Poisoning memory is a technique where memory blocks are intentionally set to non-zery bytes, hoping to provide a failure if this memory block is used. The general breakdown of DIY memory safety C++ techniques includes:

• Canary regions ("redzones") around memory blocks.
• Poisoned memory blocks inside the memory block.
• Magic values stored at the start of a block.

Hence, poisoned memory aims to detect some of these memory failures:

• Uninitialized allocated memory use (e.g., malloc, new).
• Uninitialized stack memory buffer usage.
• Use-after-free heap memory.
• Use-after-delete heap memory.
• Use-after-return for stack memory blocks

Hence, here are some of the places where we want to poison memory blocks:

• malloc block (uninitialized heap memory).
• new or new[] heap block (uninitialized heap).
• free (de-allocated heap block).
• delete or delete[] (de-allocated heap block).

Those above examples are for the heap, but we also care about stack memory, and ideally we also want to poison:

• Local buffer variables on entry to a function (uninitialized stack memory).
• Returning from a function with a local buffer variable (invalid memory after stack unwind).

Note that we don't need poisoning for these cases:

• Global variable (already initialized to zero).
• Local static variable (also zeroed in C++).

And this makes a good point: if the C++ compiler auto-zeroed all the allocated and stack memory, we wouldn't have to worry about this.
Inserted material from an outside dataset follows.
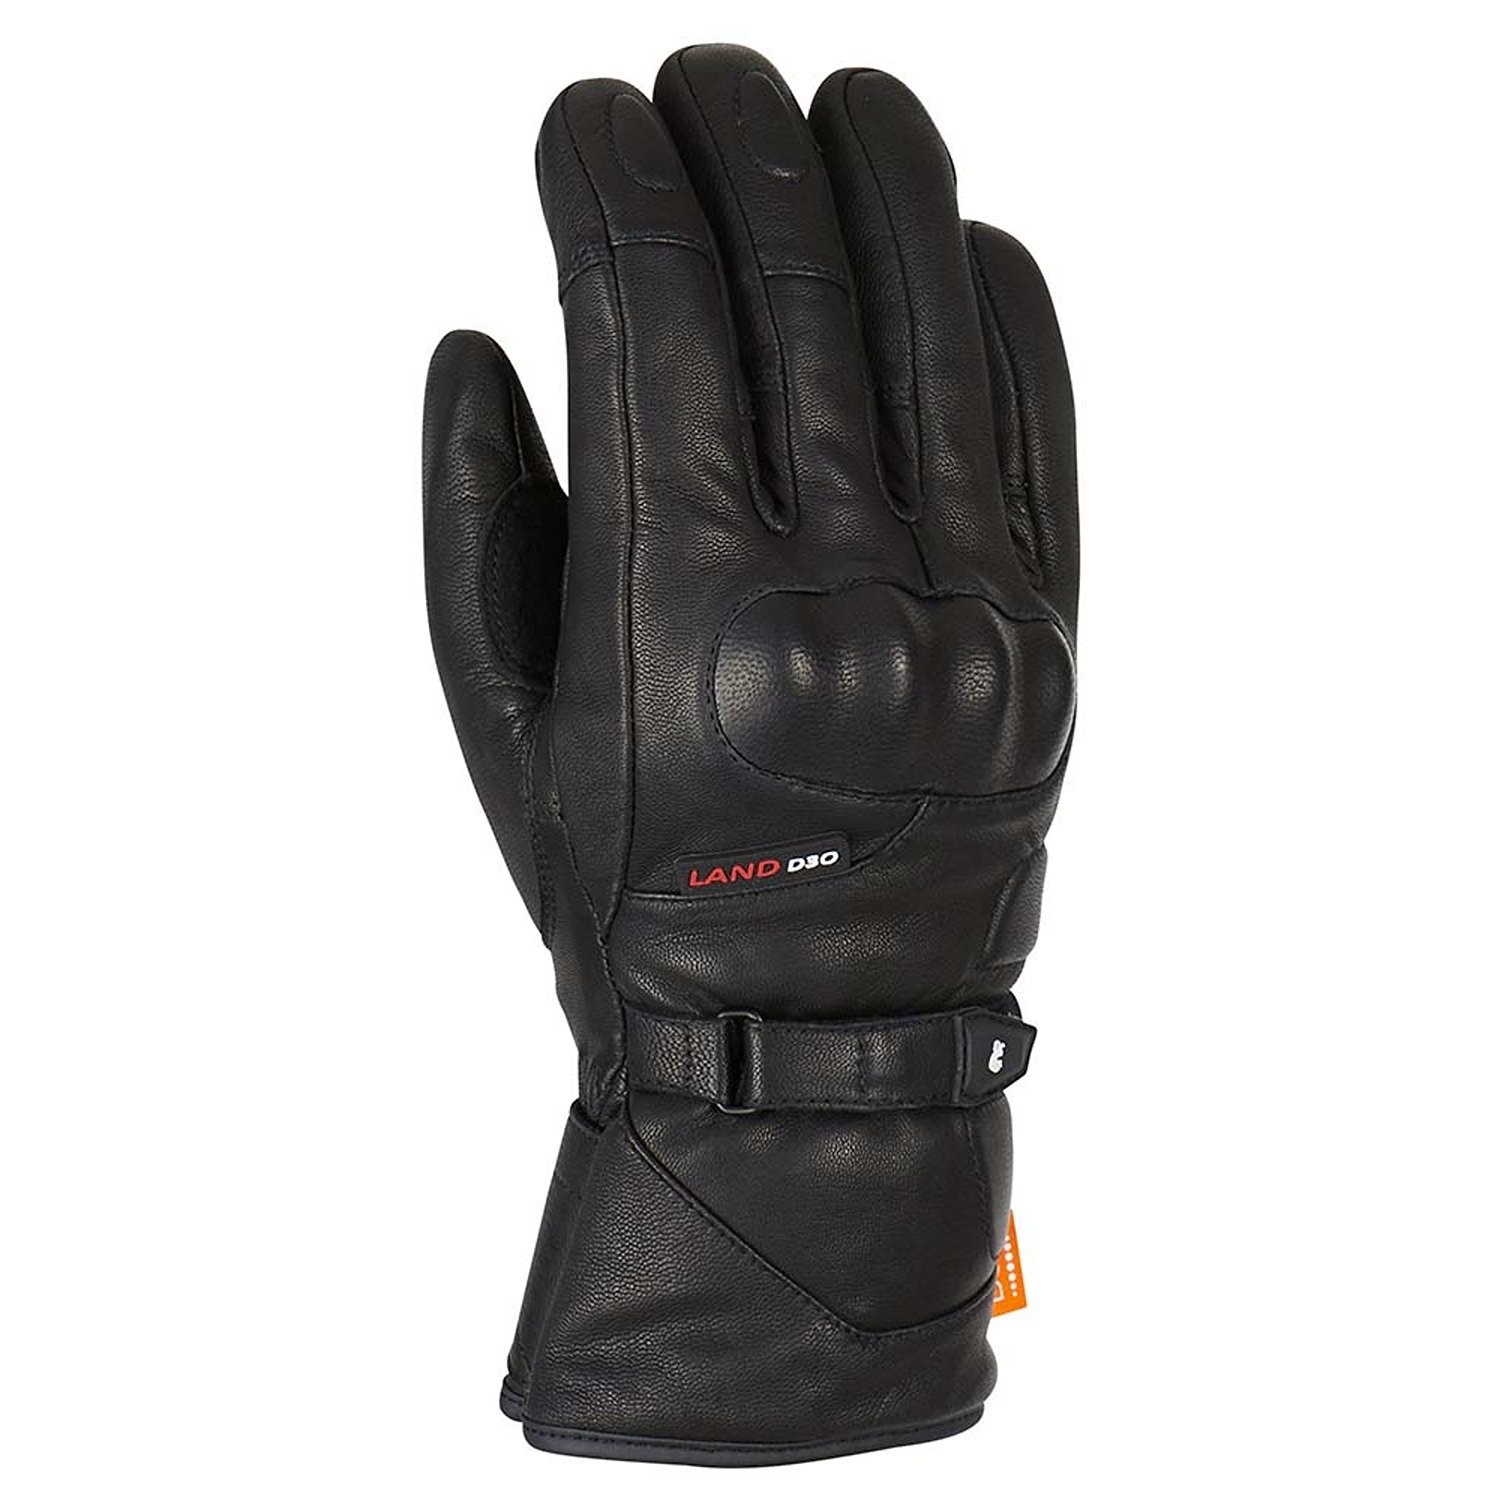 Image of Furygan Land DK D30 Gloves Black Size 3XL ID 3435980358594

Hence, I want a "-safe" flag for my compiler.

Marking Poisoned Memory Blocks

The simplest way to "poison" a block with bytes is simply to put a special value into every byte:

    char buf[100];
    memset(buf, '@', sizeof buf);

Here is a general utility routine to poison a buffer more elegantly. Note that this code does not poison the final byte in the buffer, so that any inadvertant use of the string in the buffer won't actually go beyond the buffer. Whether you do or don't want this to crash depends on context.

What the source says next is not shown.